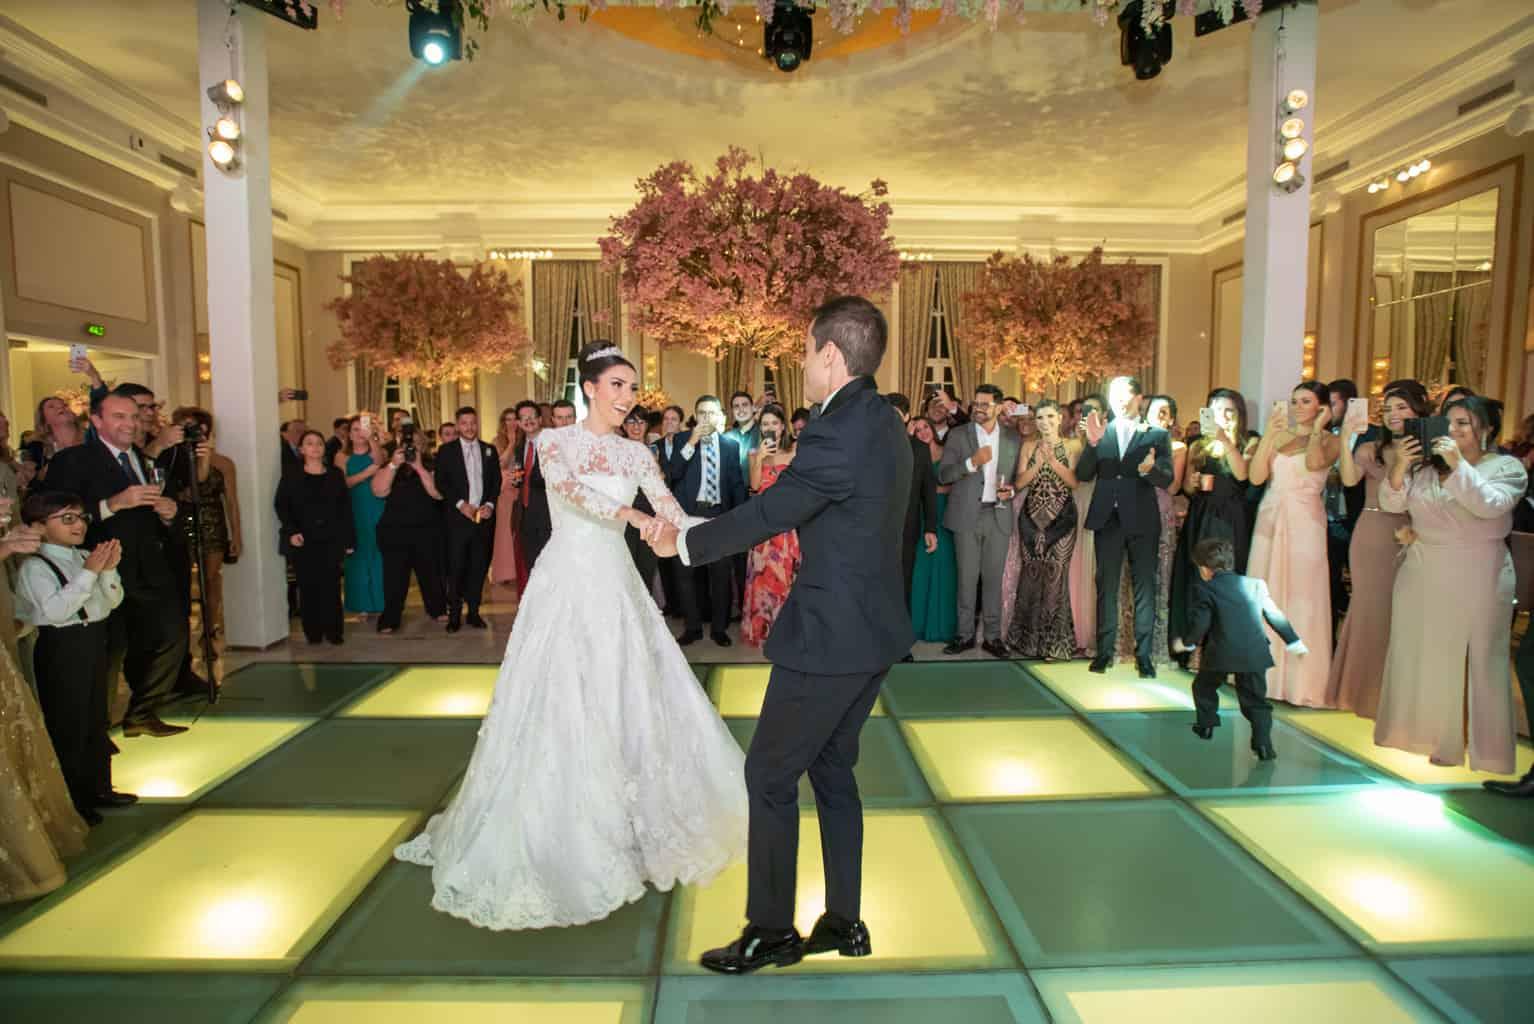 casamento-Patricia-e-Thiago-Copacabana-Palace-Daniel-Curz-A-Roseira-Paula-Rocha-Marina-Fava-festa1410-Patricia-e-Thiago-MFF_1546
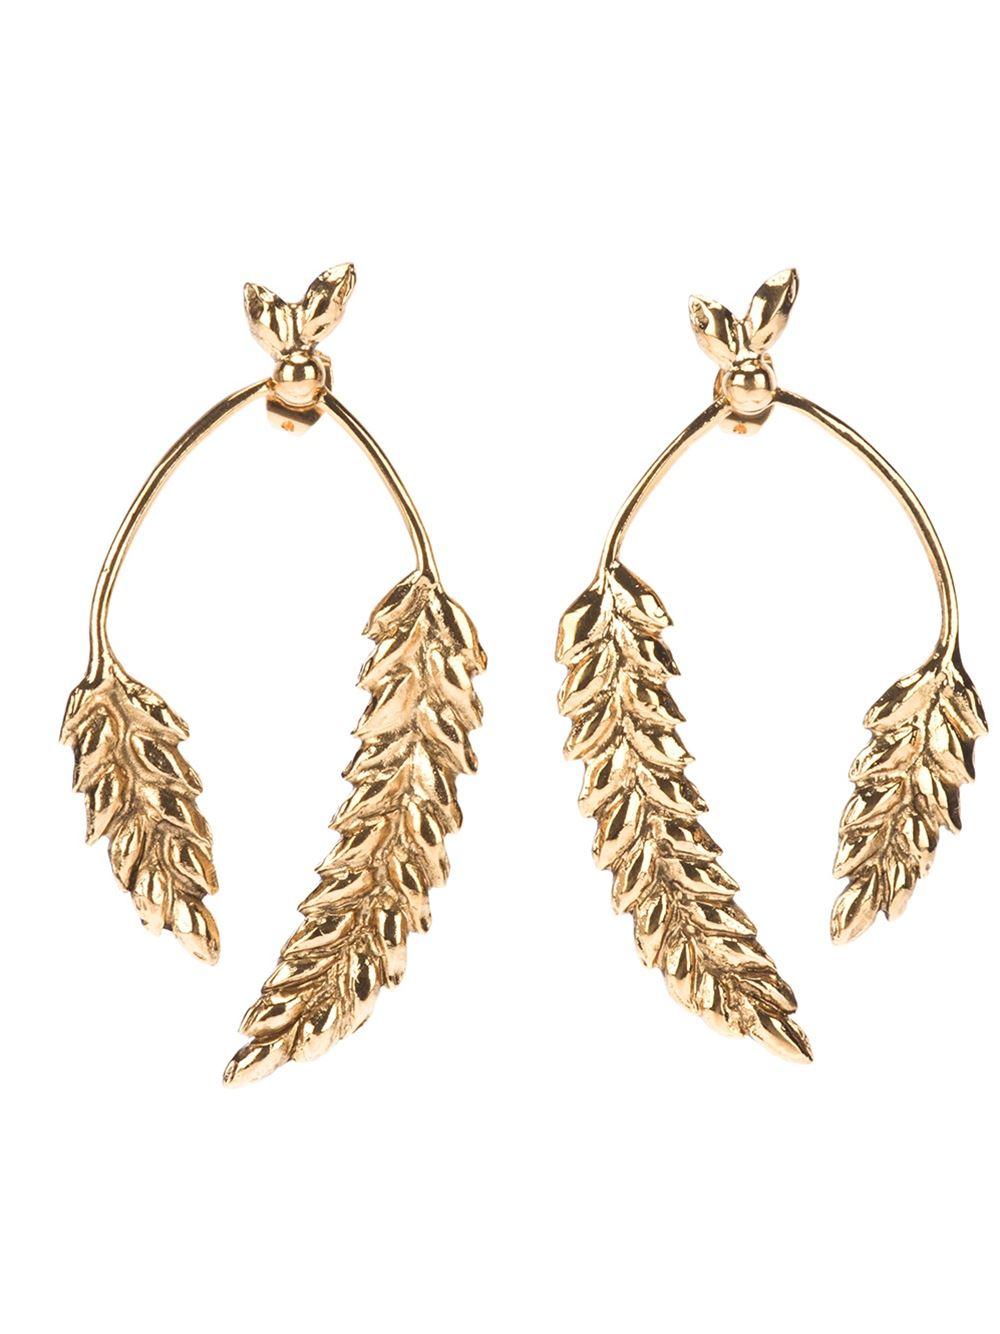 Aurelie Bidermann Wheat earrings | Shop Heaven Has Heels
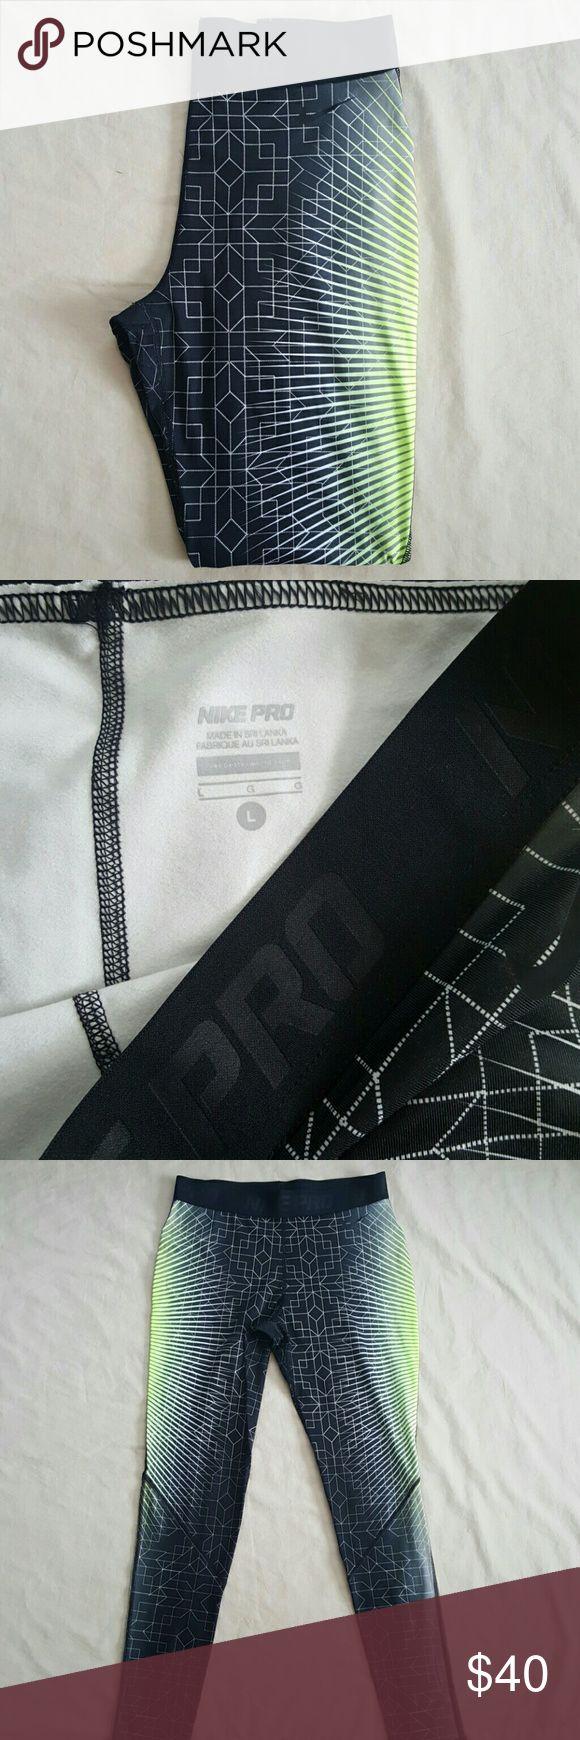 🌹🌹🌹Nike Pro 🌹🌹🌹full lenght running leggins Like new, no flaws, super soft linning on the inside. Nike Pants Track Pants & Joggers
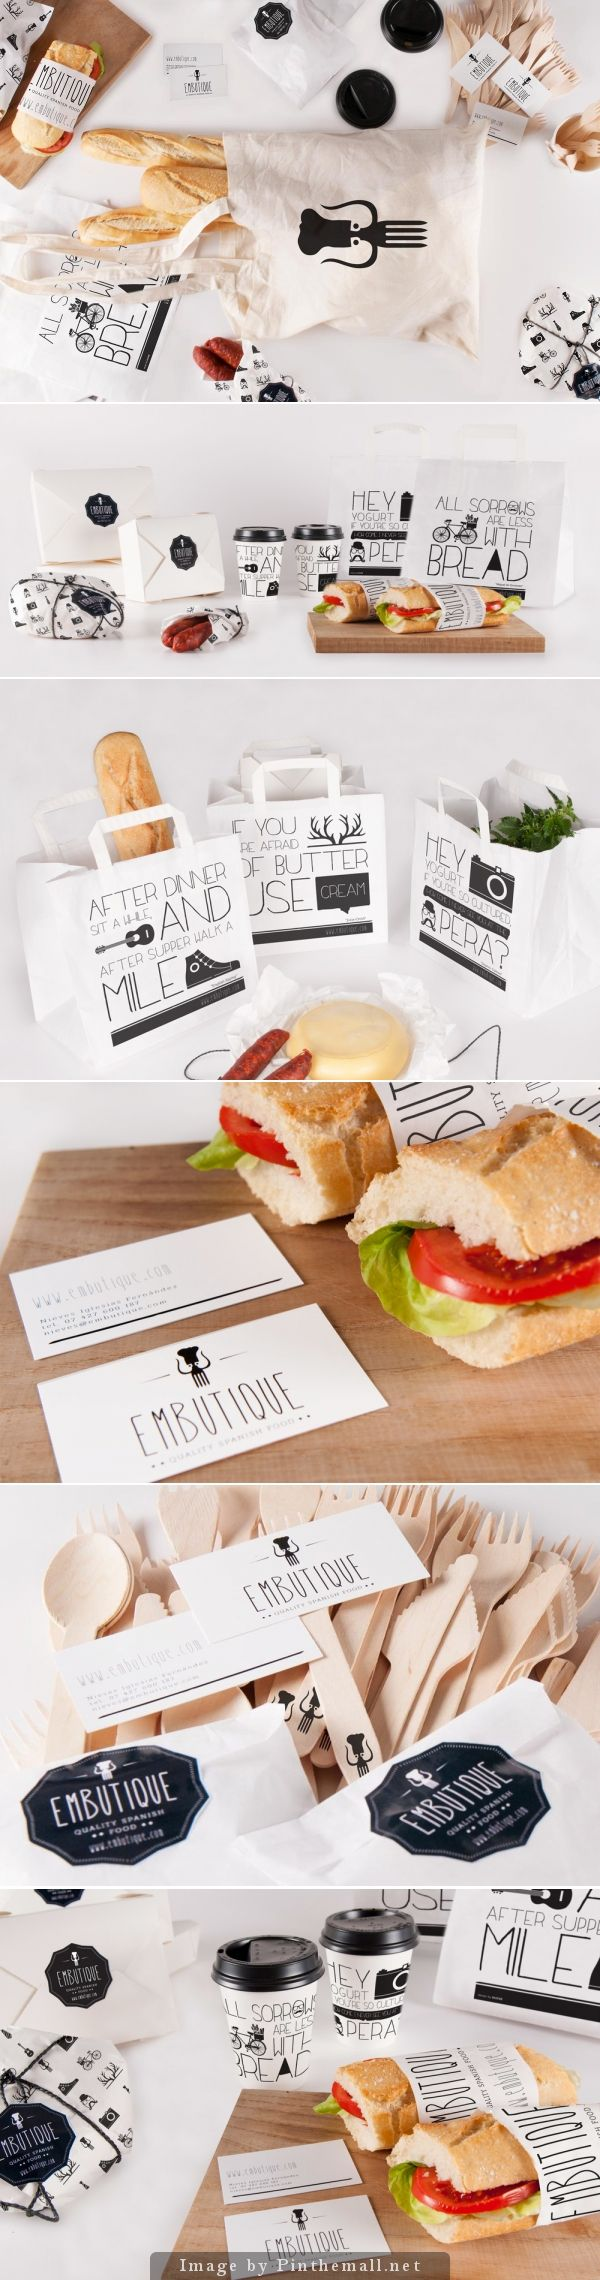 Embutique, great packaging design, sandwich, bread, innovative brand idea :: graphic design

----------

WORK TO COMPLETE | Repeat the data word for word. Skip the pictures.

TASK ANSWER |
 casamento-Patricia-e-Thiago-Copacabana-Palace-Daniel-Curz-A-Roseira-Paula-Rocha-Marina-Fava-festa1410-Patricia-e-Thiago-MFF_1546
 Aurelie Bidermann Wheat earrings | Shop Heaven Has Heels
 🌹🌹🌹Nike Pro 🌹🌹🌹full lenght running leggins Like new, no flaws, super soft linning on the inside. Nike Pants Track Pants & Joggers
 Embutique, great packaging design, sandwich, bread, innovative brand idea :: graphic design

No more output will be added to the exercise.